Bleached-out tails: Use hair color! There are a few rules to coloring your horses tail. Do not touch the dye to the actual tail bone as you may get an allergic reaction. Also, don’t use the color too often as it can be damaging and can burn the skin. Always do a strand test by coloring just a few strands to see if there is a reaction. Match the color as close as possible to your horse’s hair. ONLY cover the bleached ends. If you have a horse with a light body and dark tail, you might cover the tail with a trash bag to keep the horse from swishing his tail and getting color on areas where you don’t want it. I also like to cut the color by adding shampoo directly into the color mixture. This allows the color to deposit and stops any lift if you haven’t chosen an exact match on the color. DO NOT color a GREY HORSE'S mane/tail. It will look HORRIBLE as it grows out. Instead, you will want to LIFT the stains, but please don't try to darken a grey horse's mane. If you do, it will take years to grow out when the horse's mane begins to get lighter as the body hair does.
Oxi-Clean: For those nasty off-white tails try mixing up a small dose of Oxi Clean and some warm water in a bucket and soaking the tail in the combination.
Scratch That Itch
Fungus, skin irritation, dry skin and other horse itches can be a hassle as they can lead your horse to start rubbing off hair. There are plenty of antifungal “treatments” available on the market these days. Here are a few shortcuts.
Dreft: For fungus problems give your horse a bath with Dreft. This gentle laundry detergent has enzymes that kill fungus. As always do a patch test.
Listerine: For that nasty tail itch that causes your horse to start rubbing out his tail try applying Listerine Mouthwash. The alcohol content seems to kill whatever is causing the itch as well as soothe the itching and stops rubbing.

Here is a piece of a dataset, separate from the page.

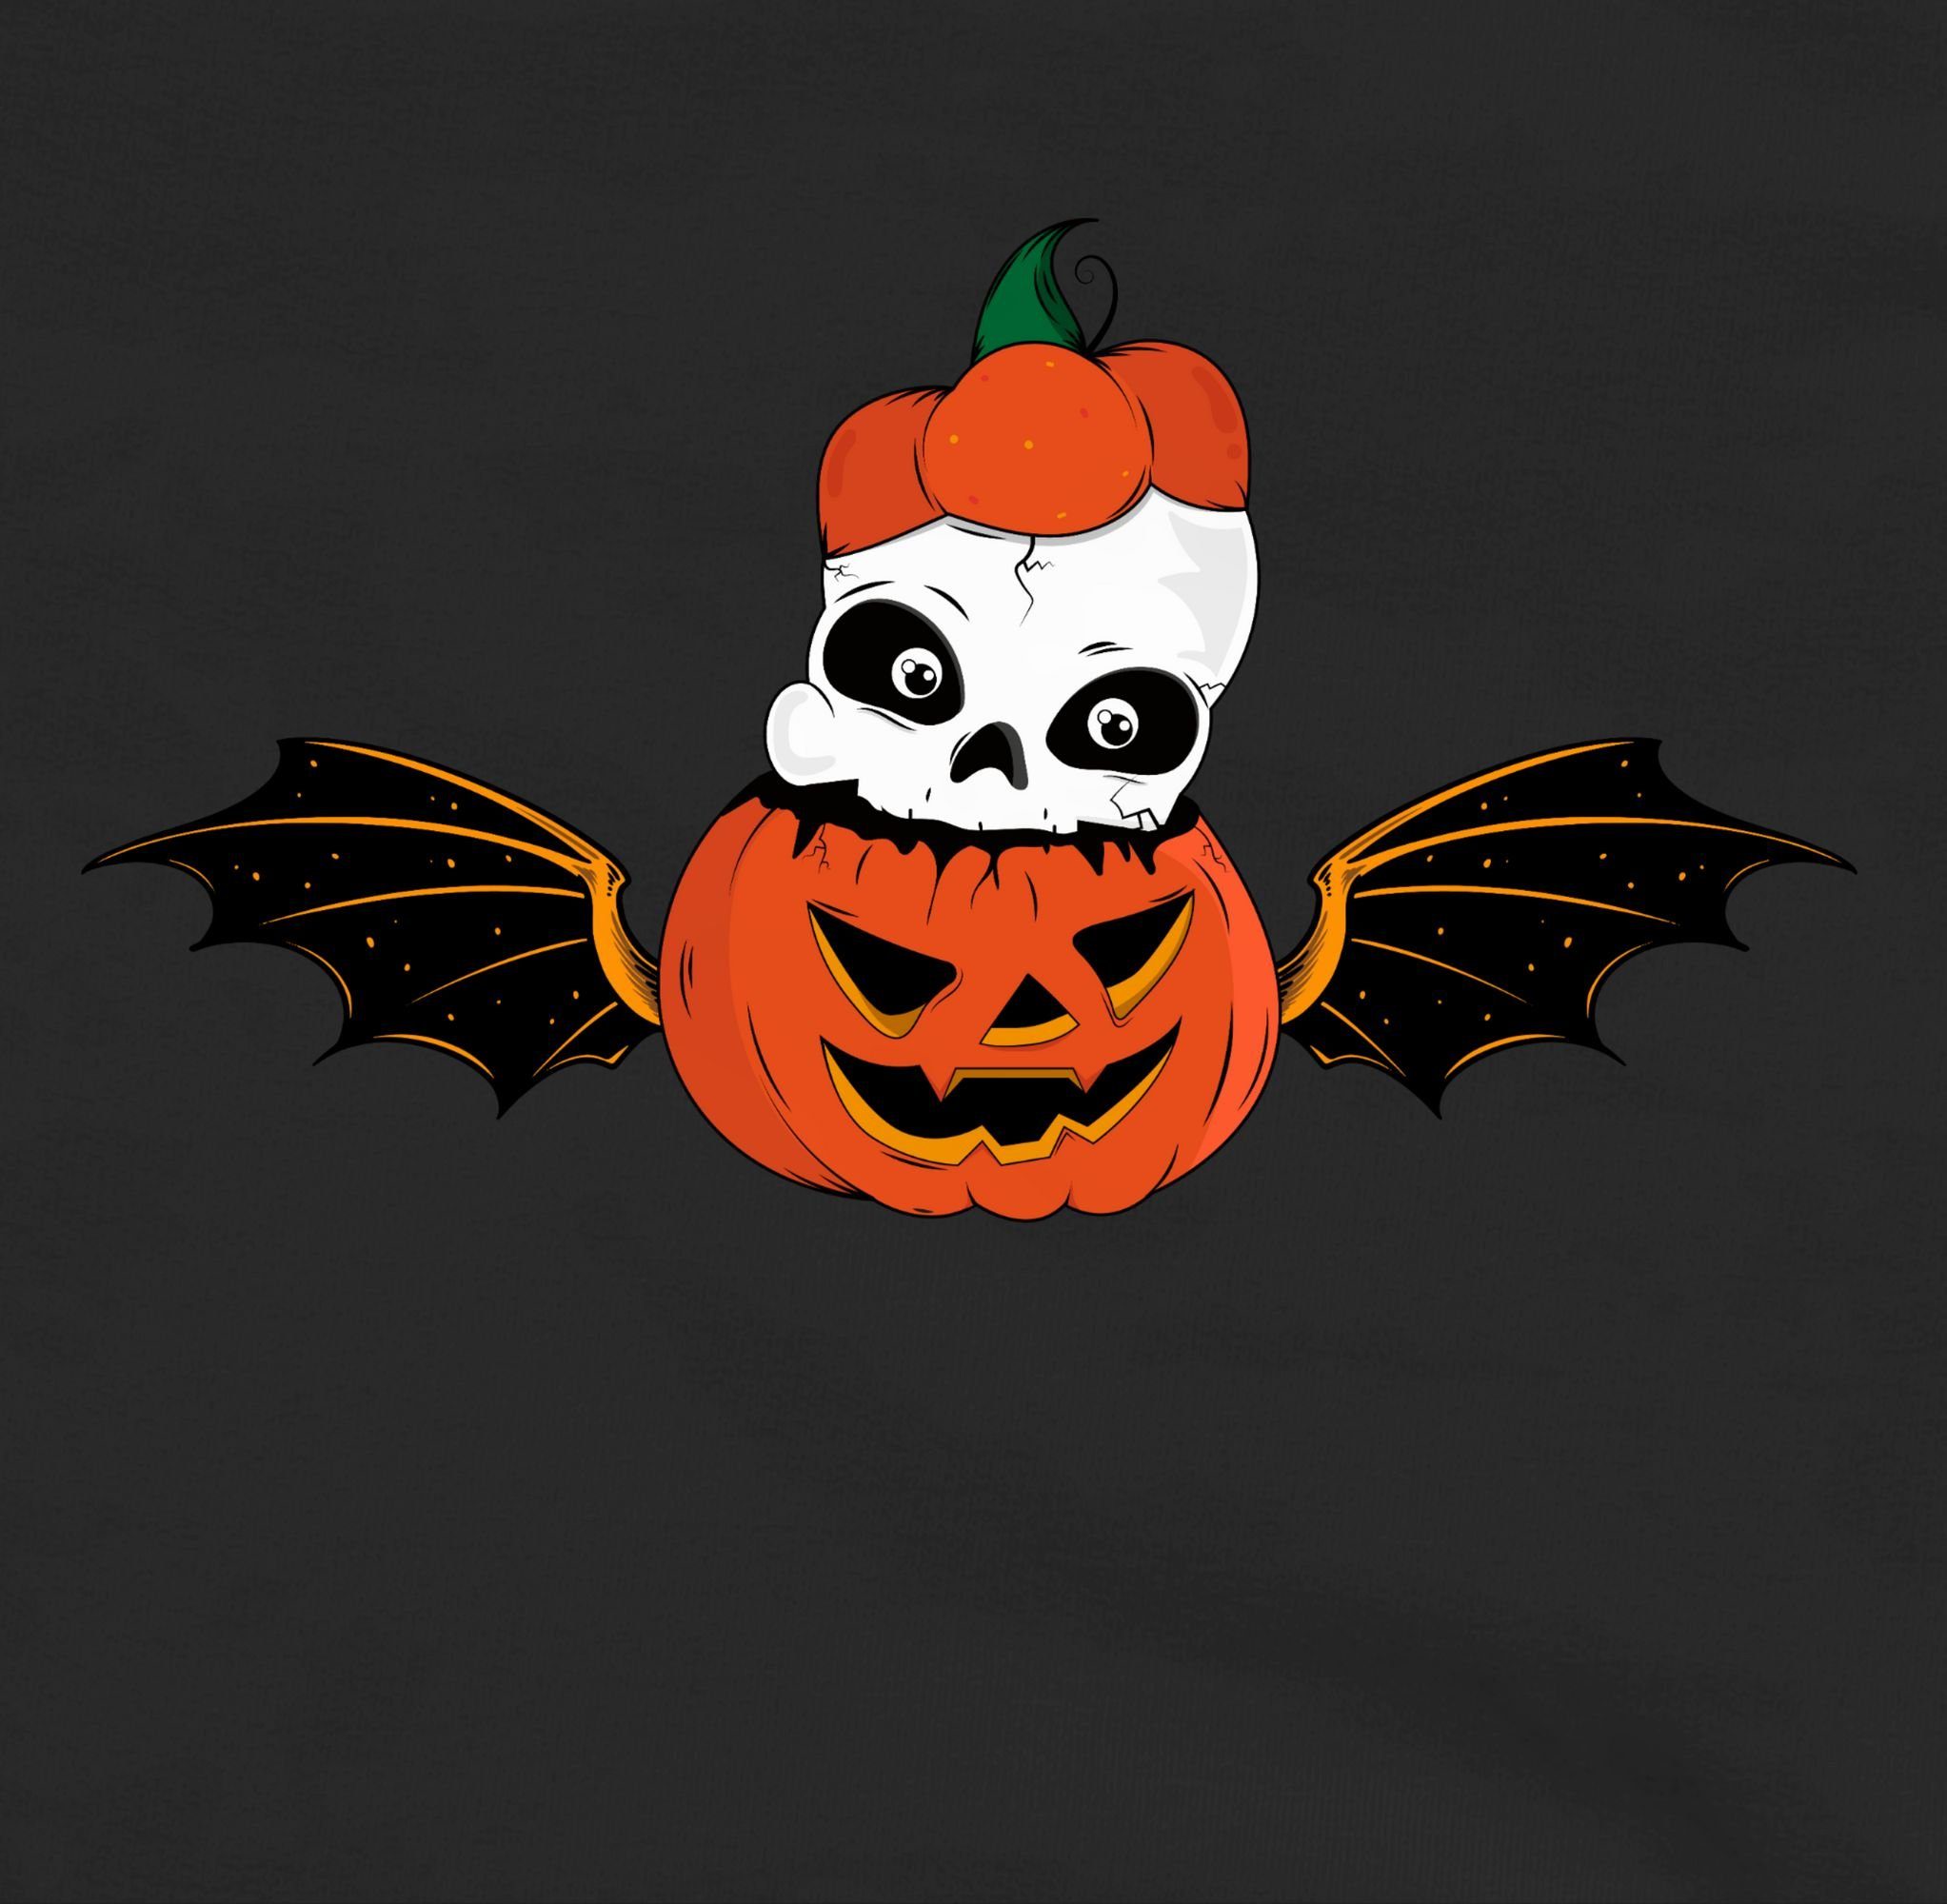 Kürbis Kürbisgesicht Kostüme Totenkopf Shirtracer Hoodie Halloween Skelett Kinder für meliert Fledermaus 2 Schwarz/Grau

MTG: MTG is a product does wonders on killing fungus, removing rain rot, and soothing dry skin. Make sure you gloves.
Sevin Dust: If you think there is a mite causing an itchy tail or mane, Sevin Dust might do the trick. However, this product is a pesticide and is highly toxic. Do not inhale it or get it on your skin. Use as little as possible and use gloves when applying, only use this if everything else has failed.
Vinegar: After rinsing the shampoo, use a solution of half white vinegar and half water. This will not only help repel flies but also helps to repel dirt and gives a great shine.
Skin-So-Soft: A rinse with a solution of half Skin-So-Soft (Avon) and half water also helps repel bugs and add a fantastic shine to your horses coat without having to add silicone products.
Other Tips and Tricks
Hemorrhoid Cream: Hemorrhoid cream does the trick for growing hair back perfectly (think no more white spots) on scrapes and cuts.
Old Clipper Blades: When pulling a mane to help thin it out use an old clipper blade. This will almost perfectly thin the mane without it looking too blunt.
After Clipping: After body clipping, rinse with a WARM olive oil and apple vinegar rinse. It prevents fungus and that dry “just clipped” look.
Mix it in a spray bottle. It gives a fantastic shine without having to resort to silicone based products.